Research tools Flashcards
Study design
Plan study - decide on field and literature review
Design study - variables, hypothesis, type of study, appropriate population, experimental methodology, sample size
Ethical issues + approval
Sample and data collect
Use statistics to draw conclusions
Interpret study findings
Present study
Interventional studies
Observed after subjected to intervention
Randomized controlled trial = best for intervention
- double-blinded (neither participants nor researcher aware)
- single-blinded (only researcher aware)
- non-blinded (both aware)
Non-randomized aka quasi-experiments, if randomization impossible or unethical
- interrupted time series analysis (observations before and after an interaction)
- case(intervention)-control (no intervention)
Observational studies
Ecological
- populations not individuals
- susceptible to confounding factors (ecological bias)
Cohort
- group sharing common characteristics
- outcome (eg disease free) is followed over time, prospective or retrospective
- can look at rare exposures or multiple outcomes, best for prognosis
- but expensive, time consuming, high drop-out rates
- prospective are highest quality observational type
Cross-sectional
- characteristics at single time point studied, data for whole population
- for prevalence, absolute and relative risks, but not incidence, best for diagnostic tests
Case-control
- if studying association of disease with past exposure
- odds ratios and absolute but not relative risk
- useful for rare diseases
- can be quick and inexpensive, but subject to recall bias
Strength of evidence (low to high)
In vitro studies
Animal models
Expert reports and opinions
Non-analytical studies
Case-control studies, quasi-experiments
Cohort studies (prospective better than retrospective)

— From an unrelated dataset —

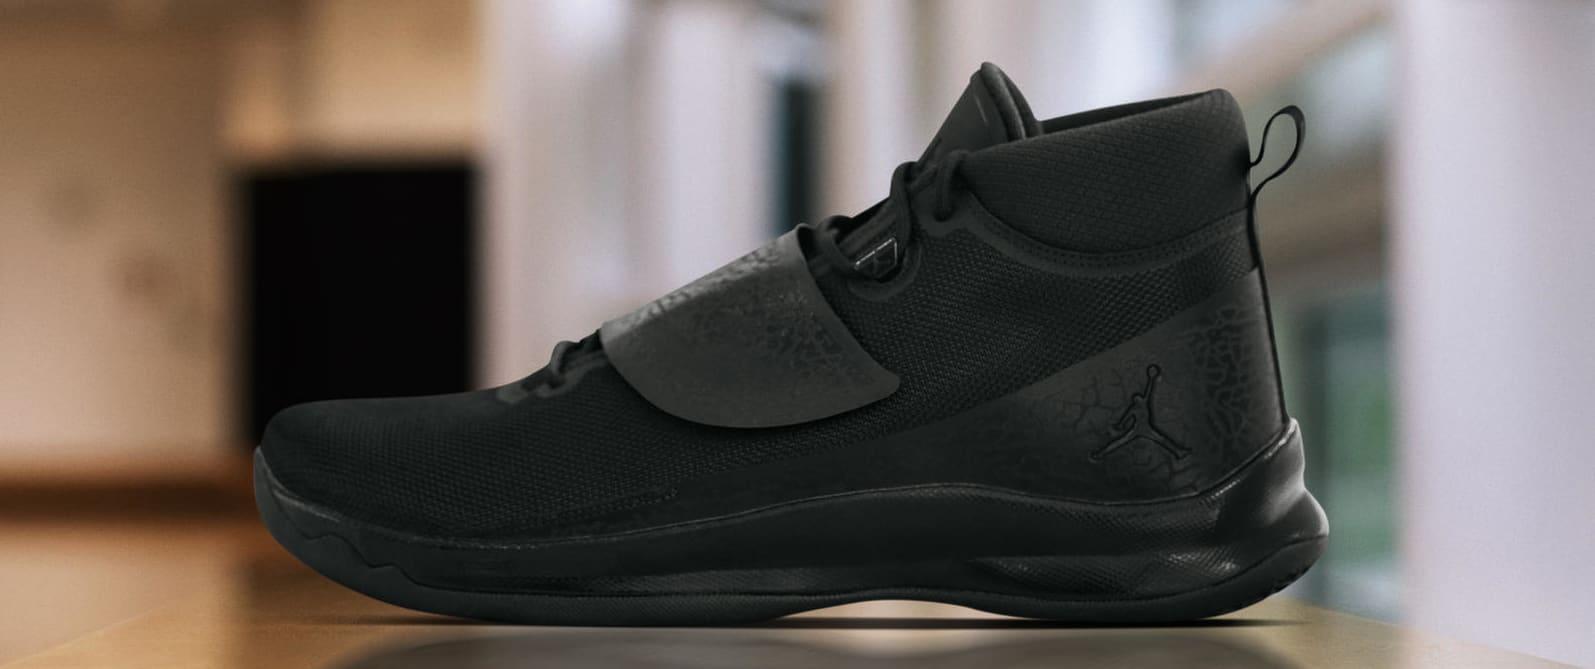 Air Jordan Super.Fly 5 PO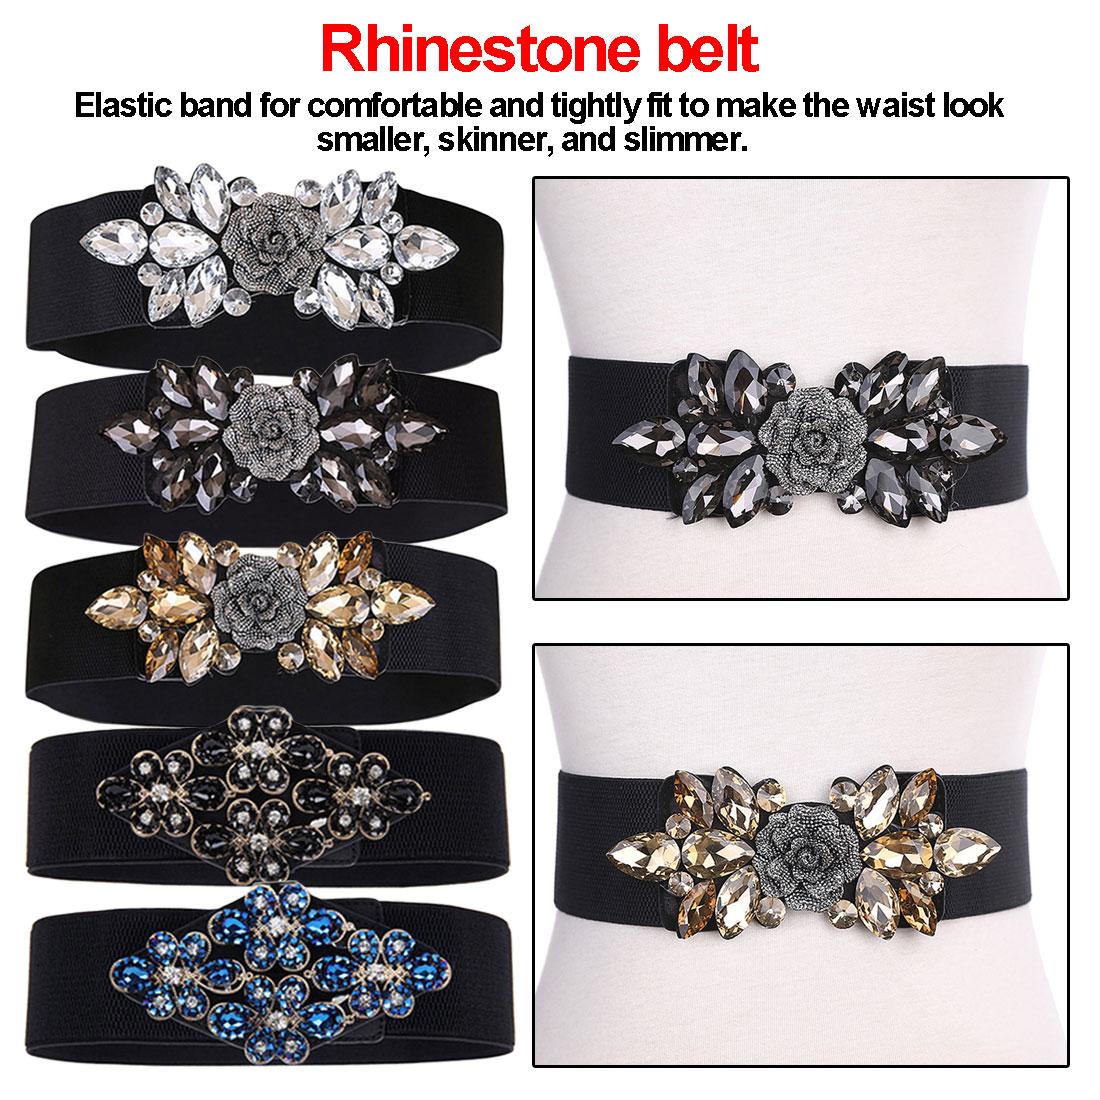 Luxury Brand Wide Floral Rhinestone Belt Buckles Stretchy Elastic Waist Belt Fashion Design Waistband For Ladies Women Belts

Randomized trials (double-blinded best)
Meta-analyses and systematic reviews
Statistical bias
Where there is systematic distortion of collected data
- selection / sampling bias
- systematic bias
- recall bias
- bias of an estimator
- measurement bias
Descriptive vs inferential statistics
Descriptive - use observations made in sample to describe a population (eg sample mean estimates population mean)
Inferential - study patterns between variables in sample to generalise to population (eg hypothesis testing, correlations)
Sampling
Random
Stratified/cluster - randomly select individuals from within specified groups
Multi-stage
Multi-phase
Variables
Categorical - data can be only one of a finite number of categories and values
- nominal - no ranking ie male/female
- ordinal - ranking within categories but differences are not relevant to scale ie Apgar scores
Quantitative - data are numerical (continuous ie BP or discrete ie no of pregnancies)
- interval - equally spaced intervals
- ratio - same, but vale 0 is absent variable
Univariate = analysis of 1 variable, multivariate is analysis of multiple association between variables
Measures of location within a distribution, or spread of distribution
Mean - sensitive to outliers, but cannot be calculated for nominal or ordinal variables
Median - robust to outliers, not for nominal
Mode - can be used for all types of variable
Standard deviation - measures of average distance that individual values are from the sample mean
Coefficient of variation - ratio of standard deviation to the mean, no units
Range - difference between highest and lowest value
Interquartile range - range between 1st and 3rd quartile
Normal distribution
Bell shaped
Mean = median = mode
68% values lie within 1 SD of mean
95% values lie within 1.96 SDs of mean (normal range)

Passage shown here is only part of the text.